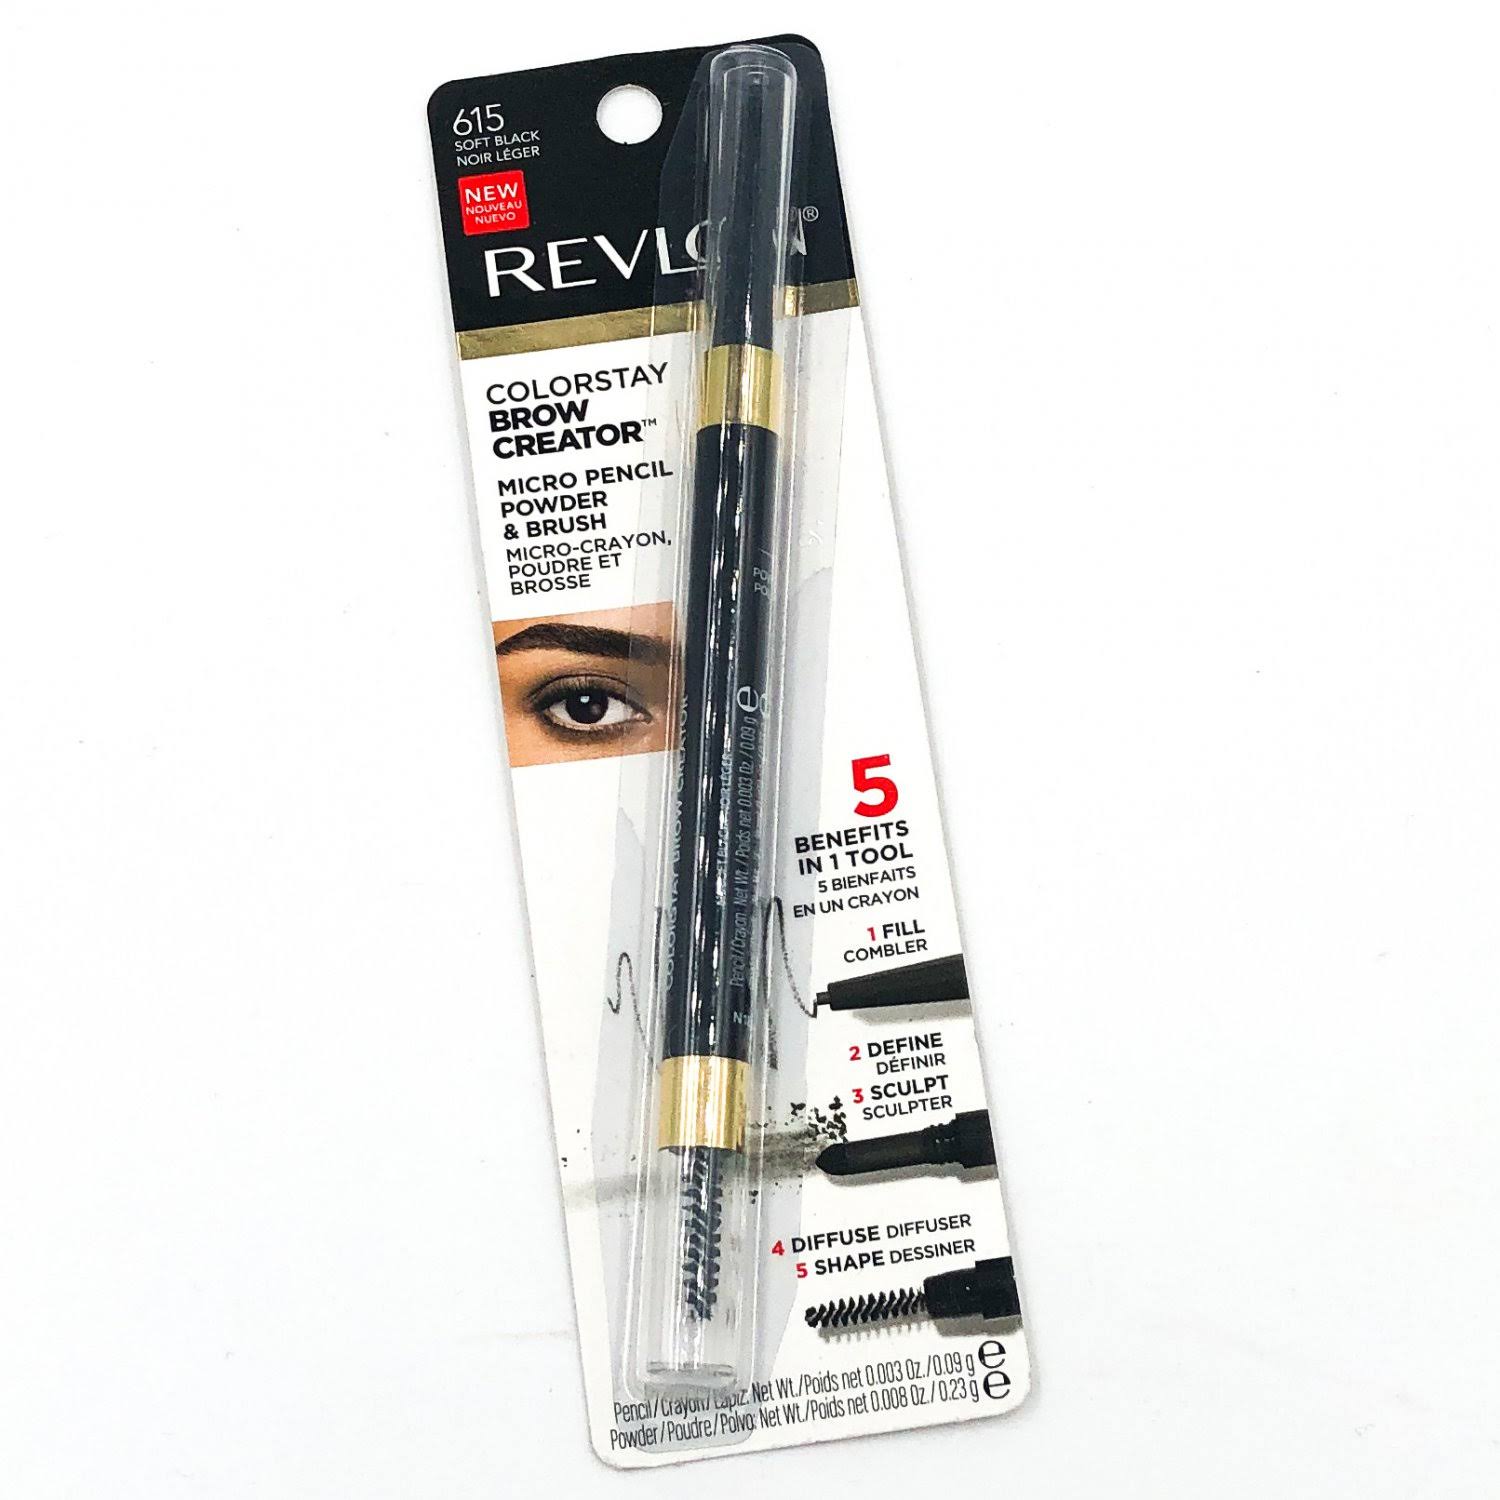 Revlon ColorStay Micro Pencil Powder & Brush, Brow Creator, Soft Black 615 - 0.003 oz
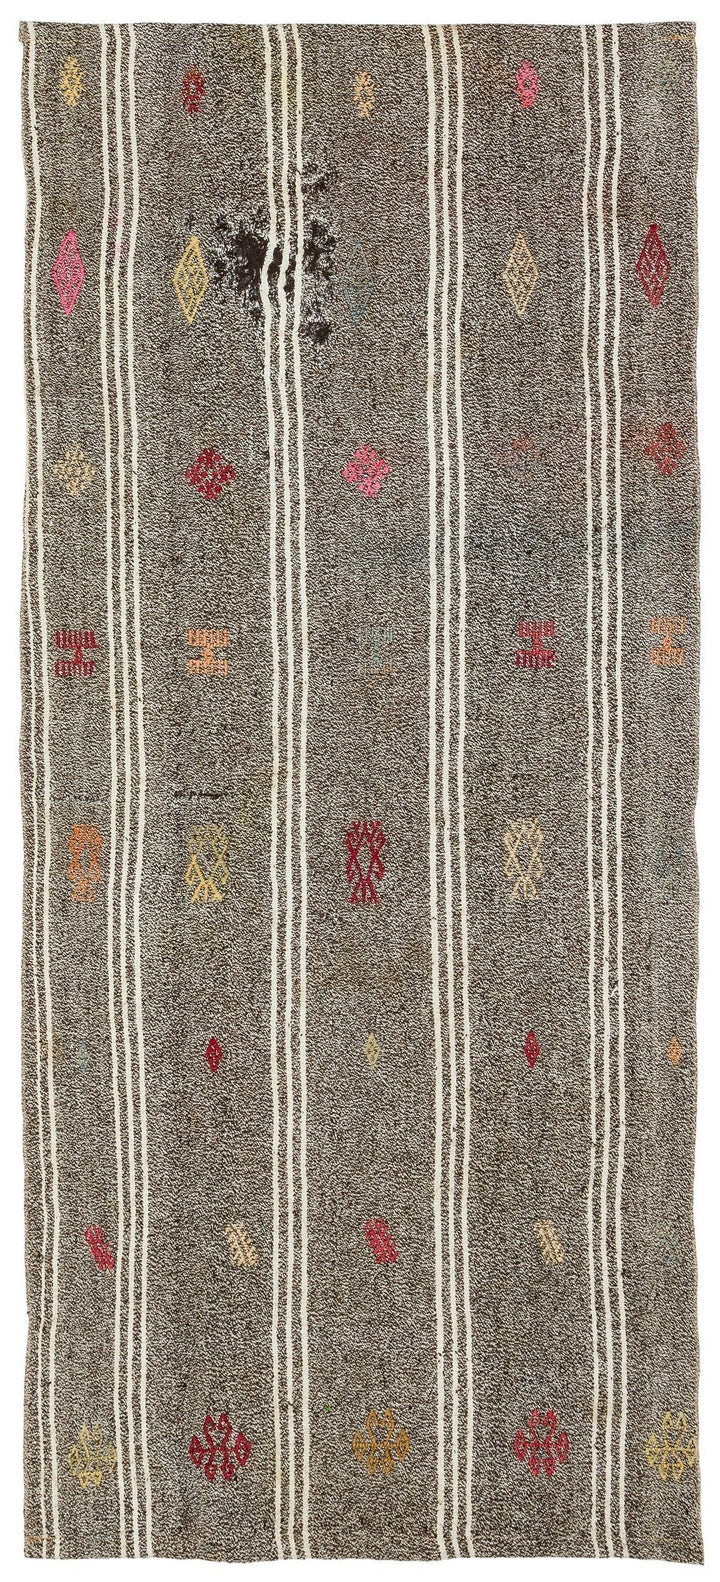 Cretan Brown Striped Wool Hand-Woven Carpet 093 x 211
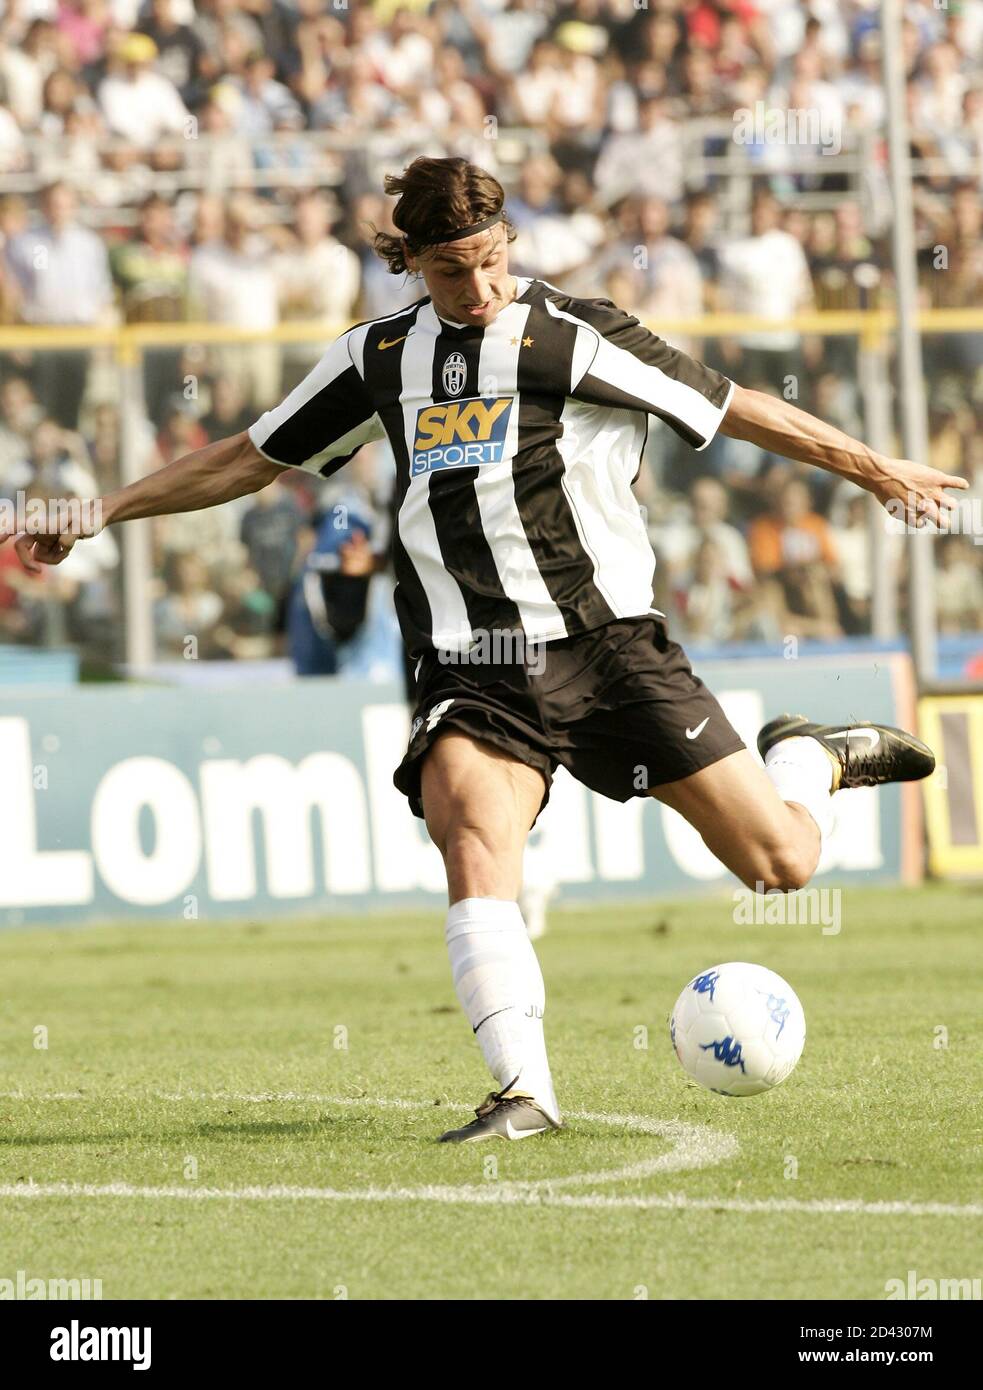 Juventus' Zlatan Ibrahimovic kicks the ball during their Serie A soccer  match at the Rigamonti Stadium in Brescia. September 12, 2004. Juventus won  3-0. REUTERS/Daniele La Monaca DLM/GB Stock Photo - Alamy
★ ★ ★ ★
- [Exercise description]: Copy out exactly the lines from the one with "Cretan Brown Striped" through the end of the listing, both ends included, omitting any picture.

- [Task solution]:
 Cretan Brown Striped Wool Hand-Woven Carpet 093 x 211
 Juventus' Zlatan Ibrahimovic kicks the ball during their Serie A soccer  match at the Rigamonti Stadium in Brescia. September 12, 2004. Juventus won  3-0. REUTERS/Daniele La Monaca DLM/GB Stock Photo - Alamy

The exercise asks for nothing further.